**Action item:** Below are the entries. Print only the lines starting at the one with "Heimat-Родина (газета). 2010" and ending at the one with "Pánské kalhoty na", exactly, with no pictures.

**Data shown:**
★ ★ ★ ★ ★

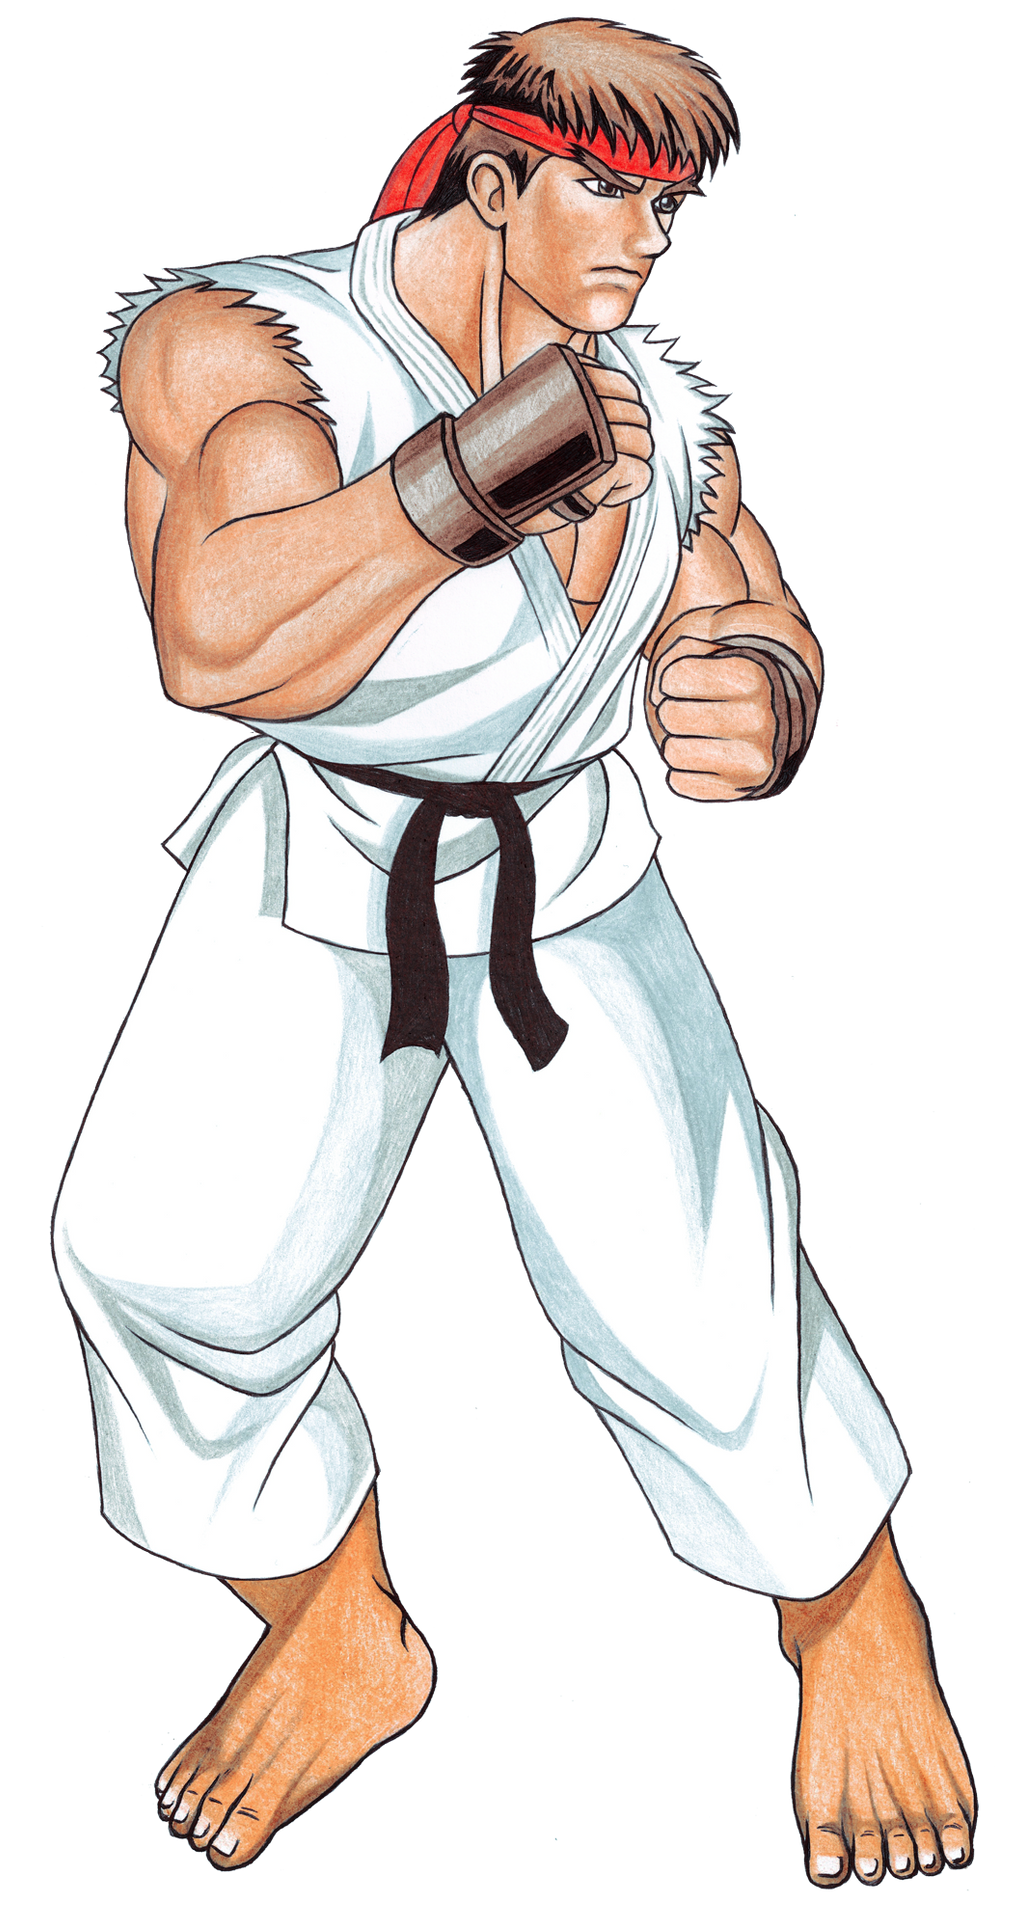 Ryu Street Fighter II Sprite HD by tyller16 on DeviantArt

★ ★ ★ ★ ★

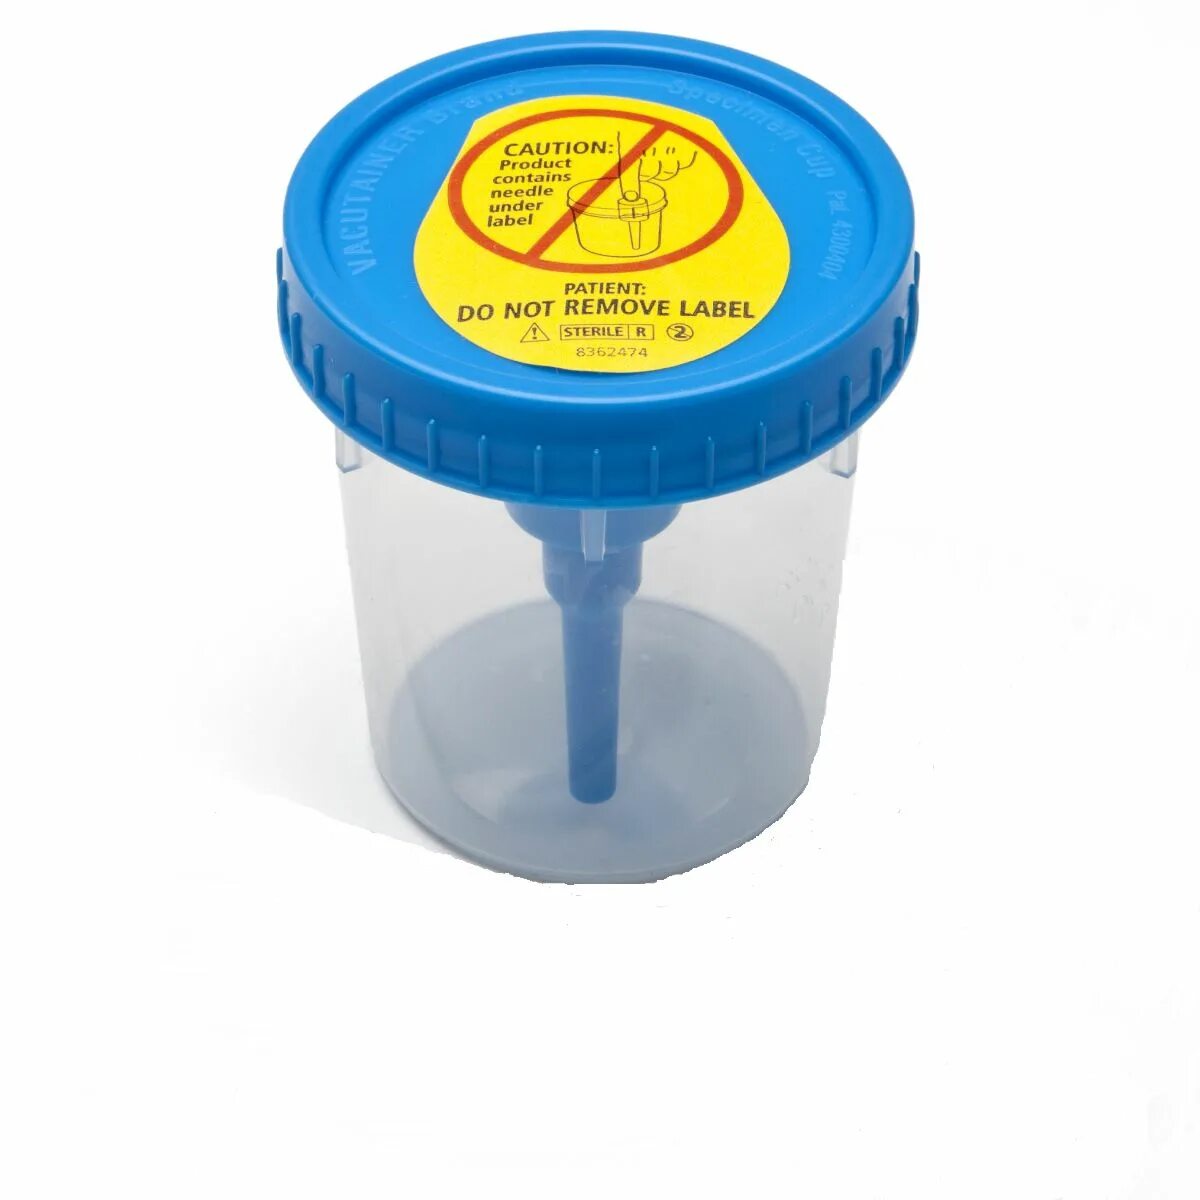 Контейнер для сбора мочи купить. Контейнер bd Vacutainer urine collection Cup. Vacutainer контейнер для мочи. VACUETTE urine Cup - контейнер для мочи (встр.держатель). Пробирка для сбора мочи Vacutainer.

★ ★ ★ ★ ★

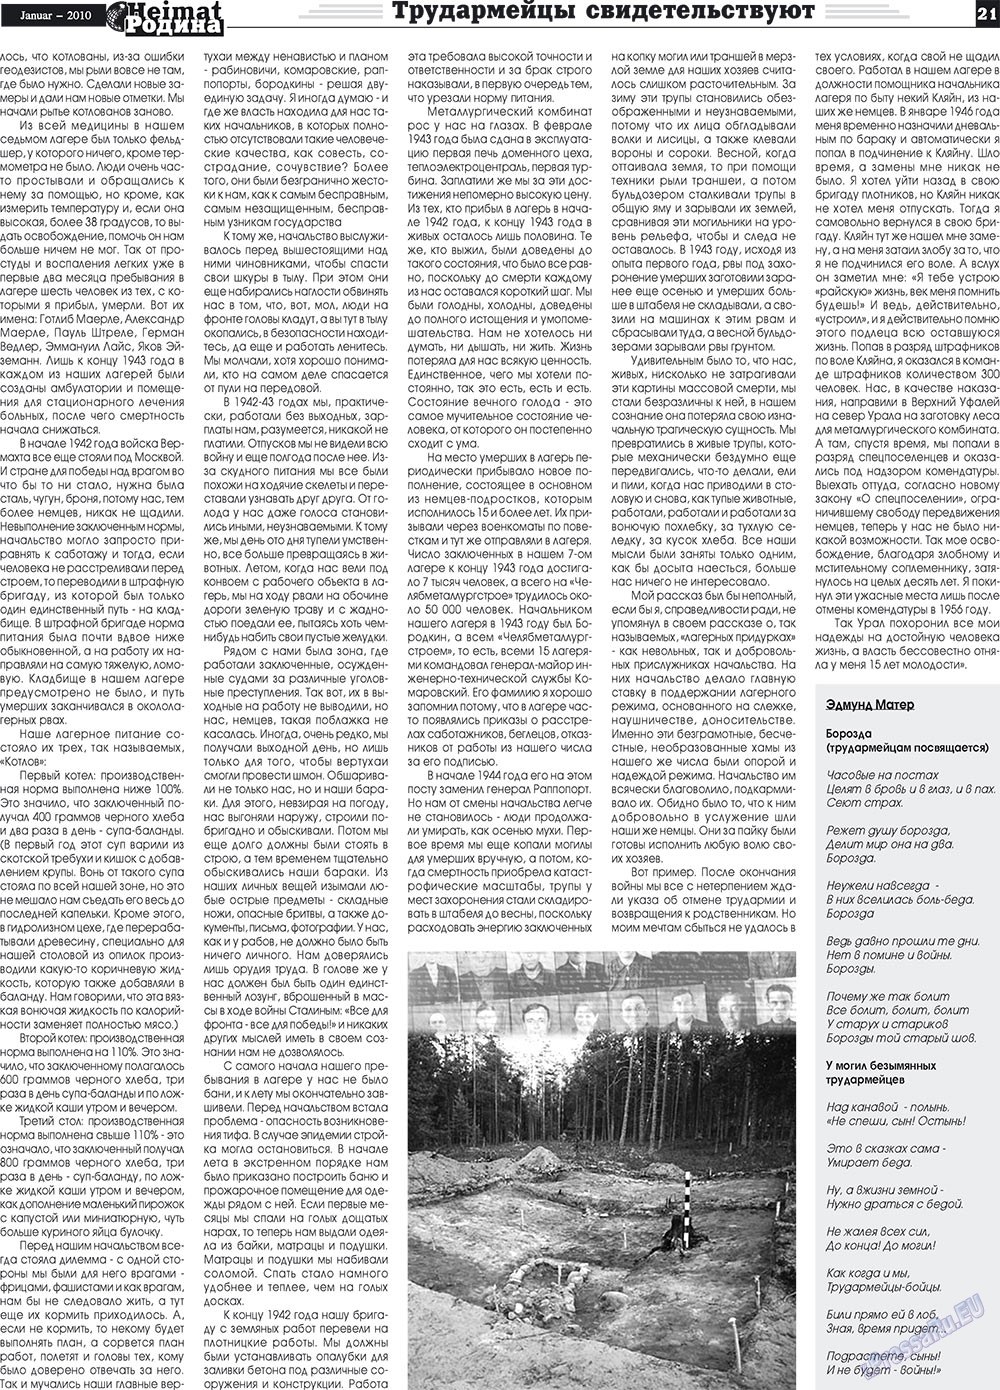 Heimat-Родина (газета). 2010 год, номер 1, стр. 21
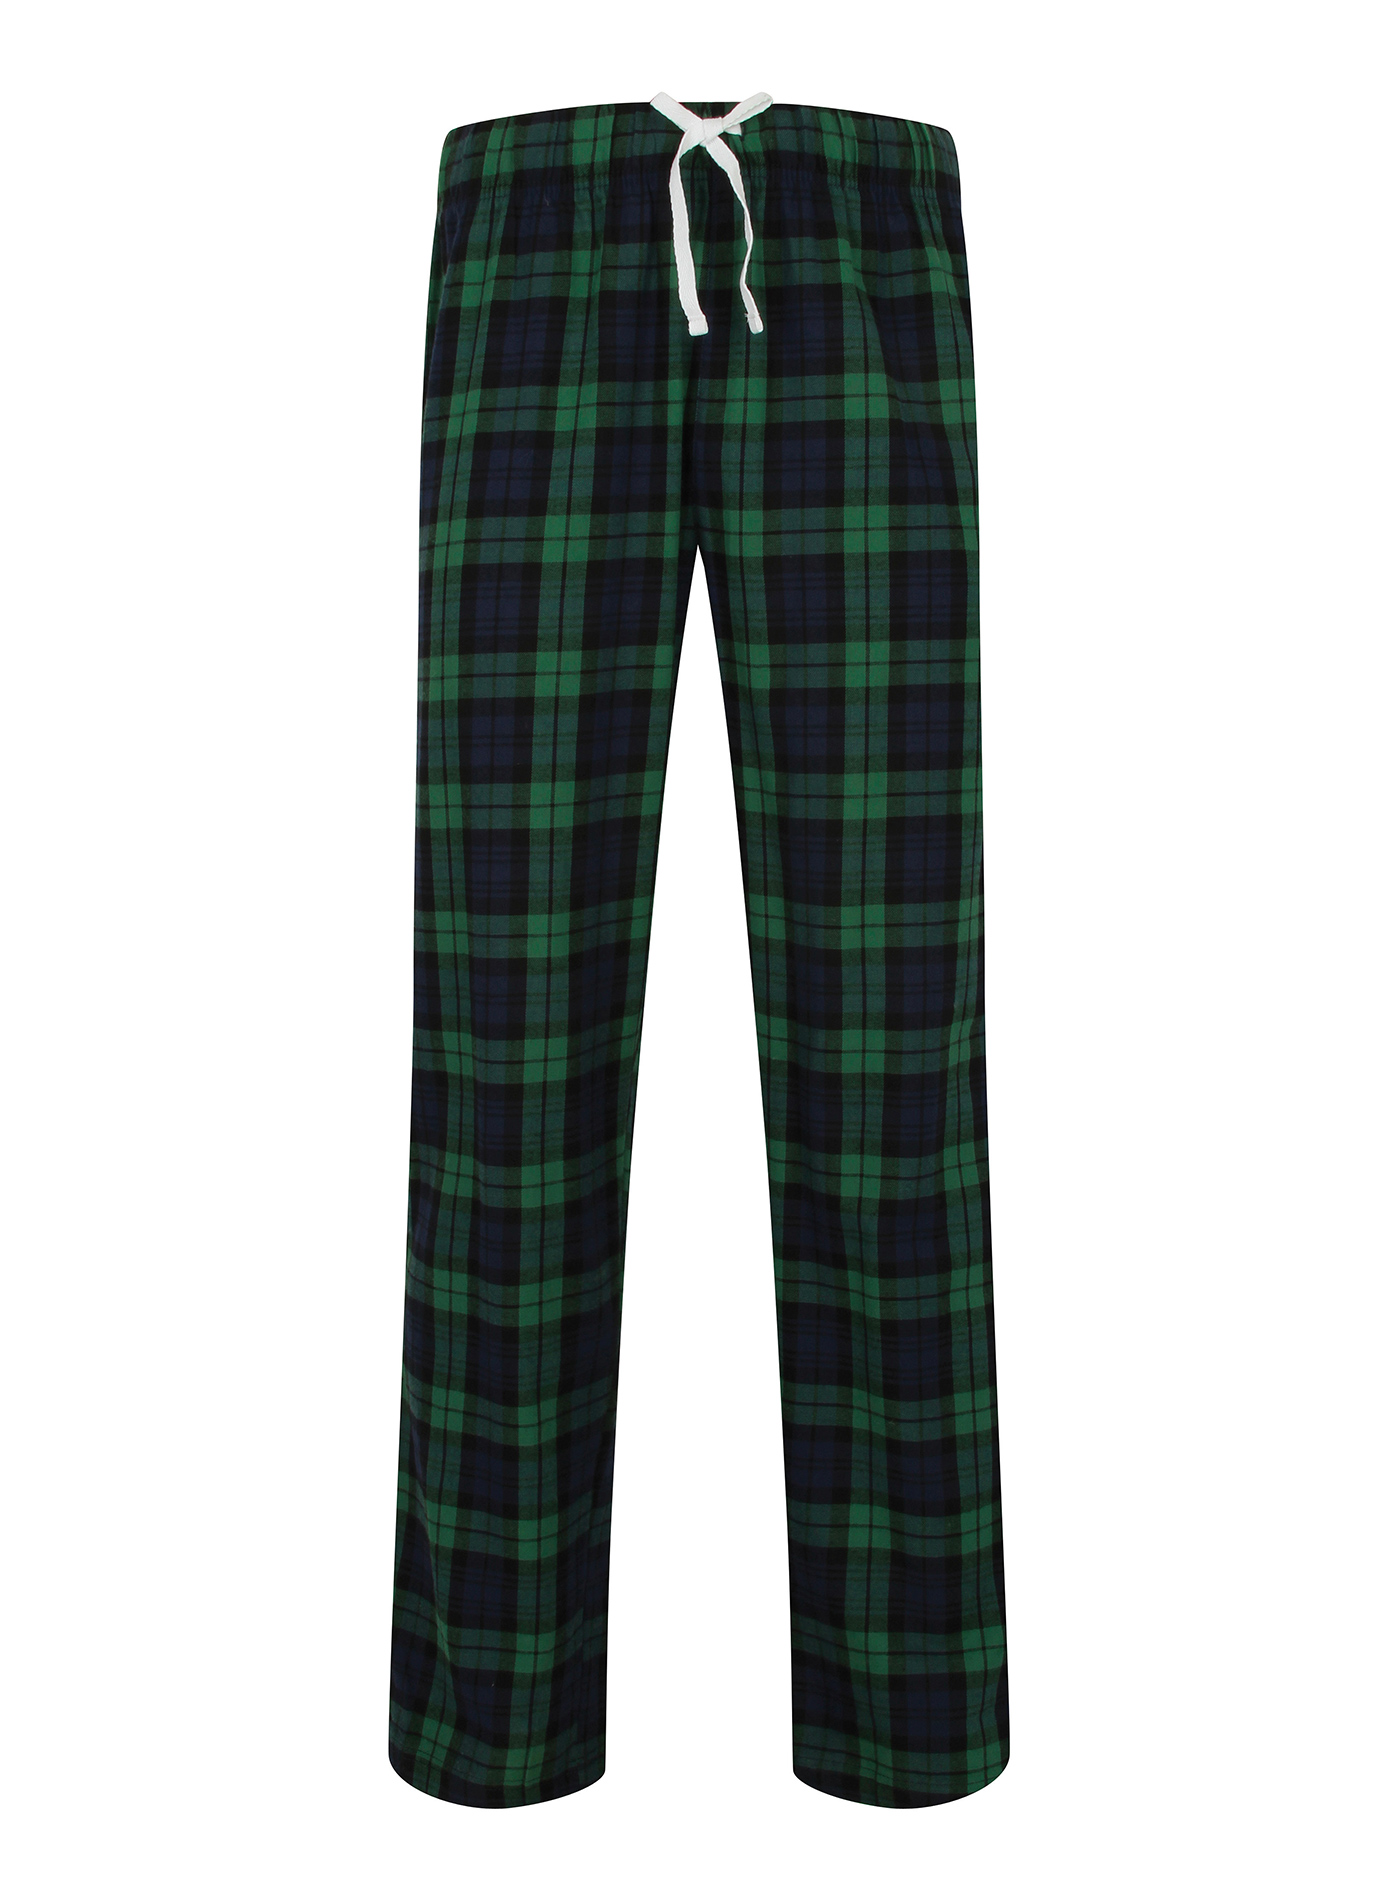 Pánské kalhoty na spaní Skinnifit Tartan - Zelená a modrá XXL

★ ★ ★ ★ ★

**Result for this task:**
 Heimat-Родина (газета). 2010 год, номер 1, стр. 21
 Pánské kalhoty na spaní Skinnifit Tartan - Zelená a modrá XXL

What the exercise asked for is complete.